Tricot’s longtime researcher, Fenghuang “Frank” Zhan, M.D., Ph.D., also recently returned to UAMS. Zhan, previously at UAMS from 2002 to 2008, was an assistant professor in the College of Medicine. He worked with Tricot at the Myeloma Center and later in Utah and Iowa. In his projects, Zhan focuses on genes and drug resistance, molecular genetics and the biology of myeloma, genomic classification of the disease, and identifying and targeting myeloma stem cells. Zhan, who holds the Morrison Family Endowed Chair in Myeloma Research, has received two grants from the U.S. Department of Defense and the National Institutes of Health, totaling almost $3.14 million to study the molecular genetics and drug resistance of myeloma.

When Tricot, a hematologist originally from Belgium, was first at UAMS, he was intimately involved in developing and pioneering the Total Therapy approach to myeloma involving induction chemotherapy, stem cell transplantation consolidation, and maintenance. This treatment method has been adopted worldwide and has been responsible, together with the introduction of novel drugs, for the greatly improved median survival rate for myeloma, which exceeds 10 years, with some patients achieving cure.

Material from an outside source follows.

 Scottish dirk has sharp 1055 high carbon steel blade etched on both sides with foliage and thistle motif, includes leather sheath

“When I left UAMS in 2007, the program here was the largest myeloma program in the world,” Tricot said. “Many of us worked hard to build the myeloma program here into something unique.”

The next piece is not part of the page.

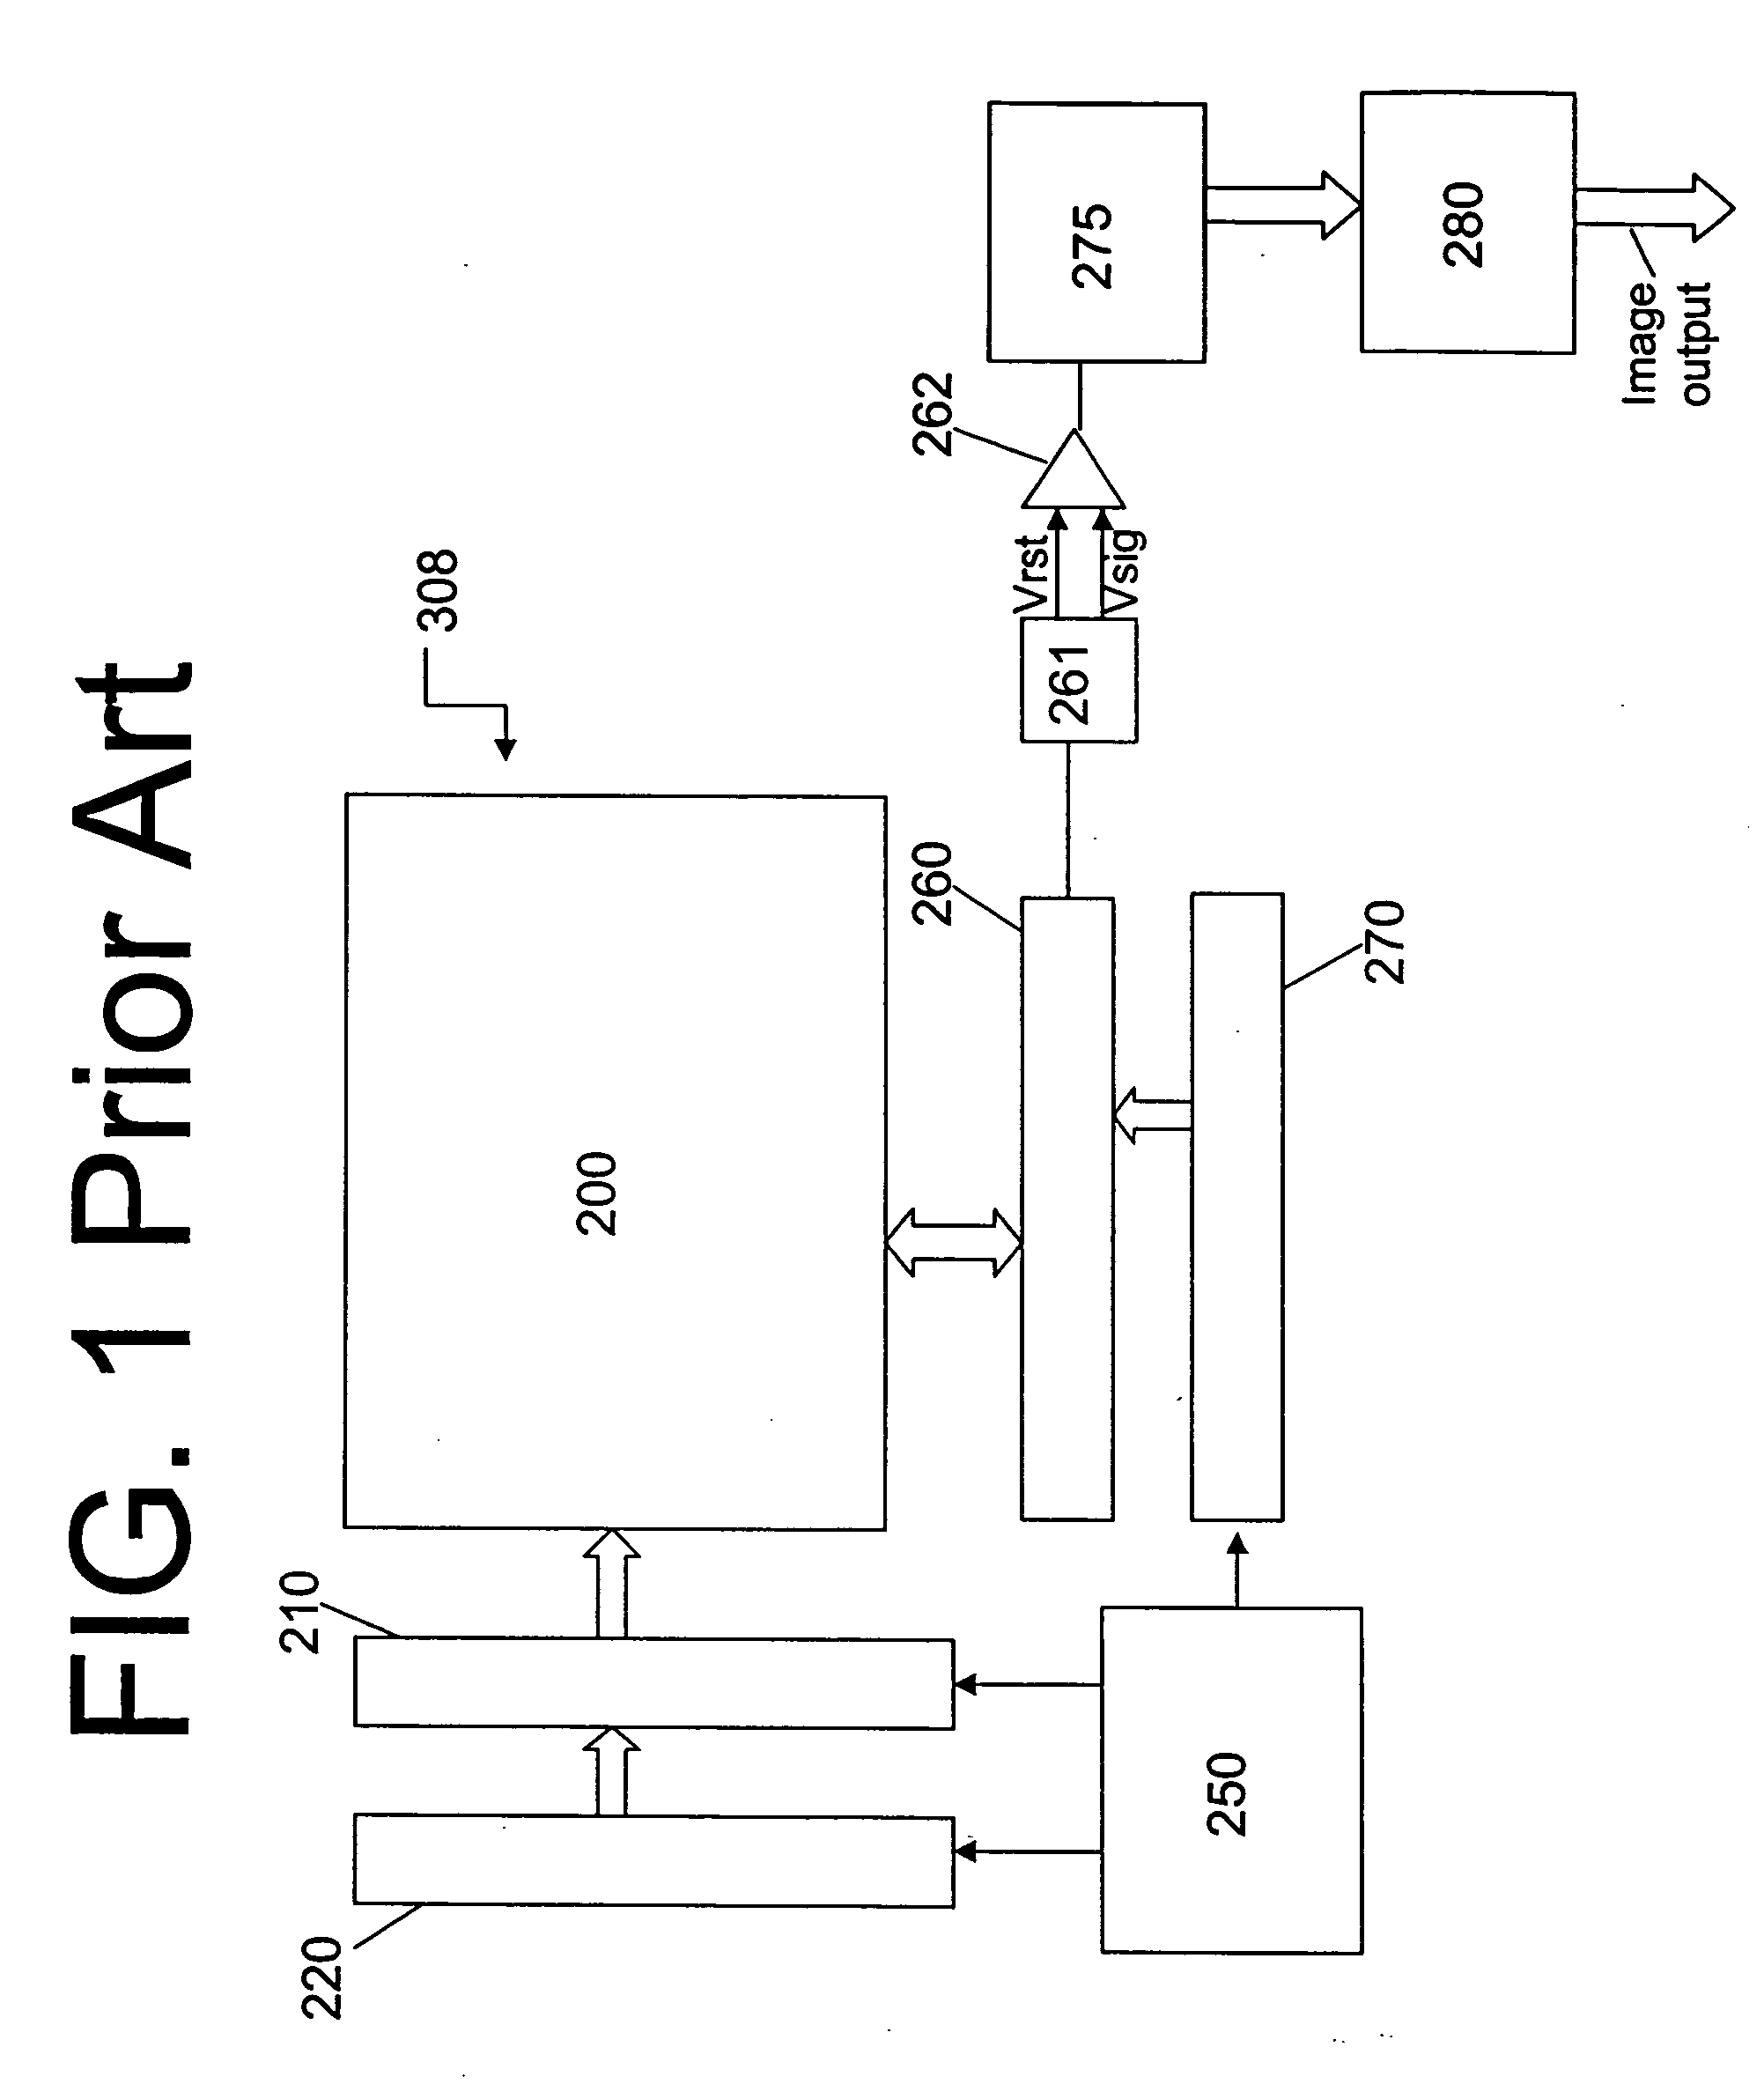 Method and apparatus for reducing imager floating diffusion leakage

Tricot received his medical and doctoral degrees at the University of Leuven in Belgium and served on the faculties of the Division of Hematology/Department of Medicine at University of Leuven, and the Department of Medicine and Pathology at Indiana University in Indianapolis, Indiana.

He practiced at UAMS from 1993- 1997, then returned in 2000 to serve as director of clinical research for myeloma. In 2007, Tricot left UAMS to launch the Utah Blood and Marrow Transplant and Myeloma Program at the University of Utah’s Huntsman Cancer Institute.

In 2012, he joined the Holden Comprehensive Cancer Center at the University of Iowa Health Care in Iowa City, Iowa, where he most recently worked as an emeritus professor of internal medicine with hematology, oncology, and blood and marrow transplantation. Through the past 20 years, Tricot researched multiple myeloma and treated thousands of myeloma patients.

After retiring from the University of Iowa, Tricot continued collaborating with his research team, working to defeat drug resistance, prevent relapse, and lengthen life expectancy. “Even with the most intensive therapies for myeloma, many patients still relapse, indicating that there is a small fraction of myeloma cells very resistance to chemotherapy,” said Tricot. “When I left UAMS in 2007, the program here was the largest myeloma program in the world, many of us worked hard to build the myeloma program here into something unique.”